0.7 [beta] (15 June 2000)
Fixed bug in multipart parsing affecting multiple file uploads. All major features have now been tested, so I'm taking form.py to beta.
0.8 [beta] (13 September 2000)
Added optional default to INT and FLOAT types. Added EitherMapping object replacing plain dictionaries to allow slightly cleaner-looking access to form values. Hopefully this will not cause any incompatibilities.
0.9 [beta] (9 November 2000)
Safeish strings may now not begin with '/' or '.'. Code comments wrapped to 80 columns. Documentation finally brought up-to-date.
1.0 [final] (7 December 2000)
Added trivial encJ and encHJ functions. Cleaned up EitherMapping so it's safe to use in other scripts.
1.1 [beta] (21 December 2000)
Added encI and decI functions, made decI happen automatically on name:value separation. Removed pointless encHU call from documentation. Disallowed the remaining top-bit-set characters from makeSafe strings, in case somehow they lead to the Unicode-parsing security breaches that turned up in IIS. They're still allowed in makeSafeIsh though.
1.2 [final] (29 January 2001)
EitherMapping now allows entries to be removed using del.
1.3 [final] (11 April 2002)
encH, encU and encI made more strict about what things they escape, to expand their usefulness a bit. '+'-encoding in encU fixed (can't believe I let that slip through after deliberately remembering to get it right). encH no longer attempts to HTML-encode top-bit-set characters, so they are left in whatever character set the document is declared as rather than becoming references to the Unicode characters they might not be. This is as a prelude to proper Unicode support coming in the next release.

Licence

Copyright © 2000 Andrew Clover. Released under the GNU General Public License.

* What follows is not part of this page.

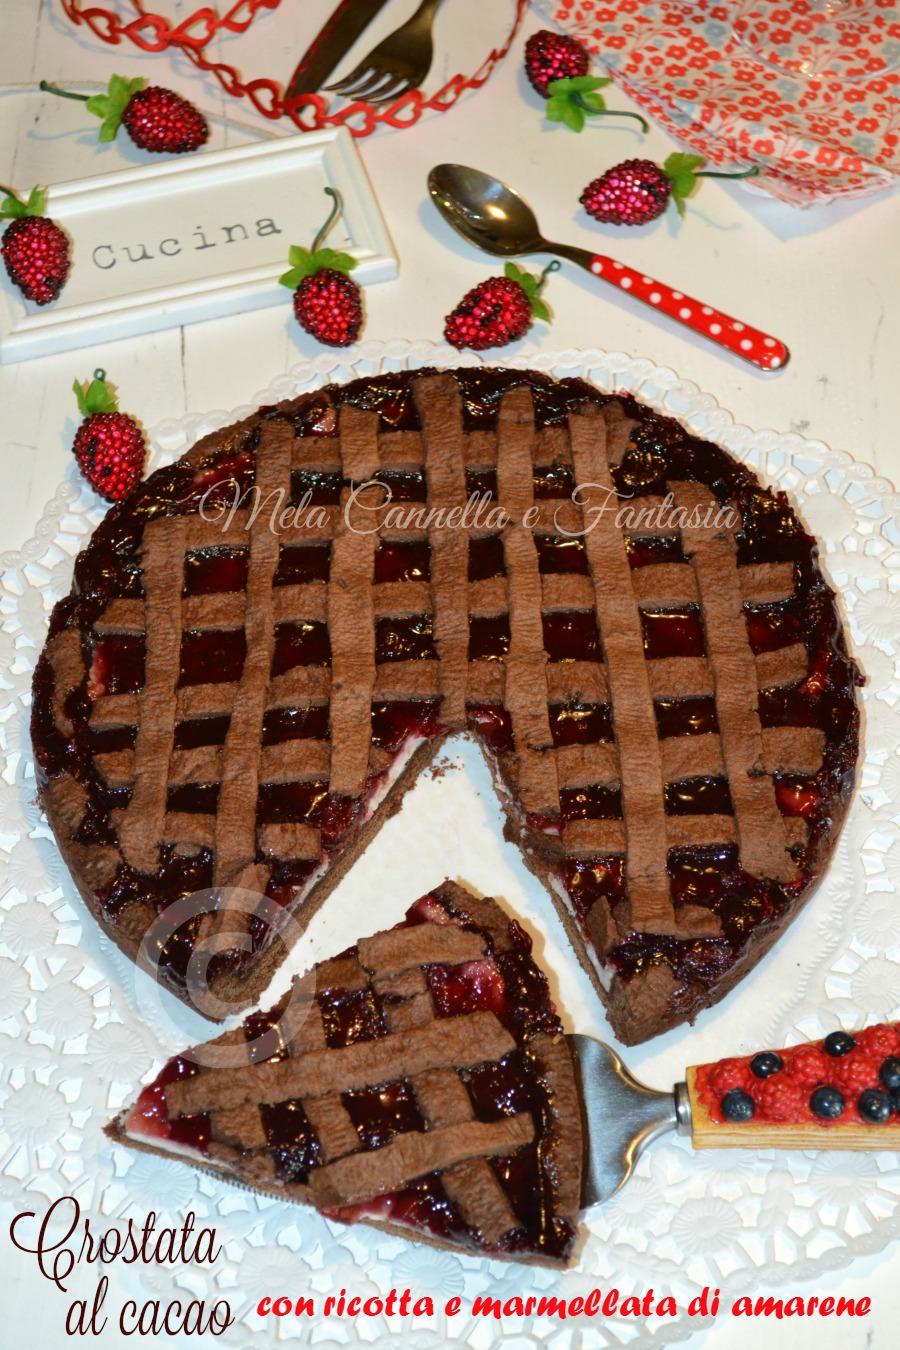 Crostata al cacao con ricotta e marmellata di amarene

This program is free software; you can redistribute it and/or modify it under the terms of the GNU General Public License as published by the Free Software Foundation; either version 2 of the License, or (at your option) any later version.

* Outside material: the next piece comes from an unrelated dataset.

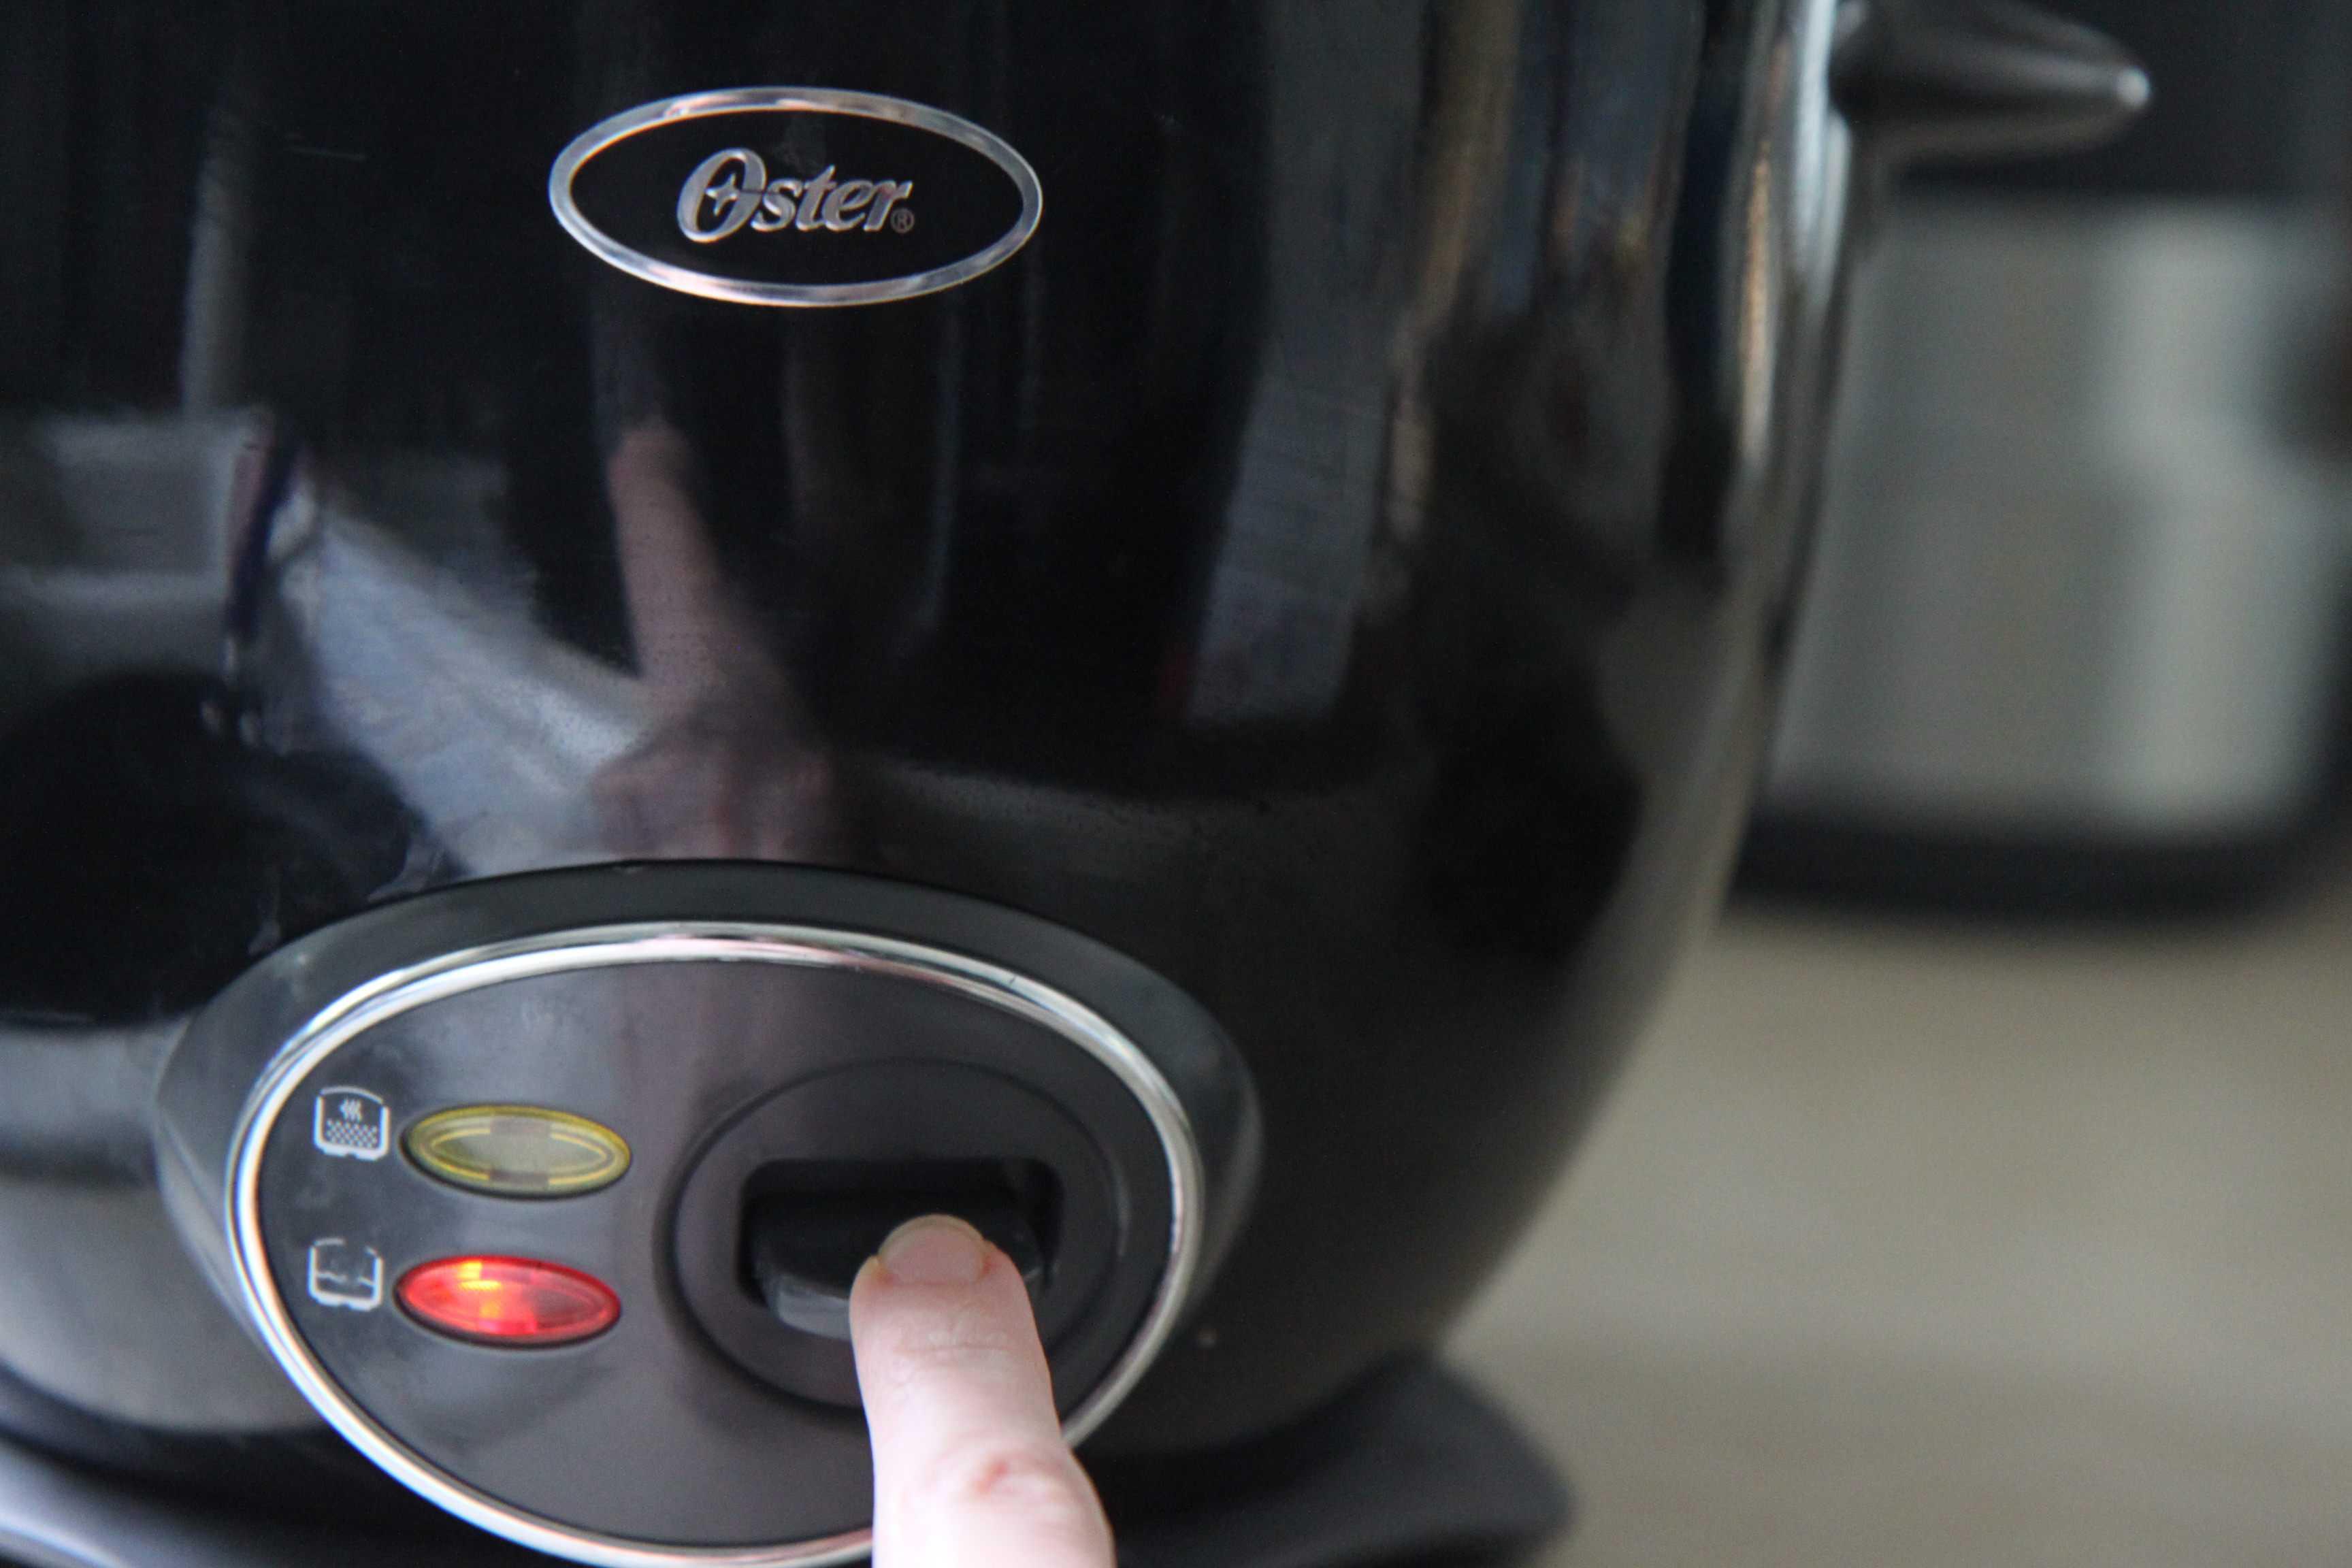 Cho dầu ăn và bơ vào nồi và chuyển sang chế độ Cook.

This program is distributed in the hope that it will be useful, but WITHOUT ANY WARRANTY; without even the implied warranty of MERCHANTABILITY or FITNESS FOR A PARTICULAR PURPOSE. See the GNU General Public License for more details.

You should have received a copy of the GNU General Public License along with this program; if not, write to the Free Software Foundation, Inc., 59 Temple Place - Suite 330, Boston, MA 02111-1307, USA.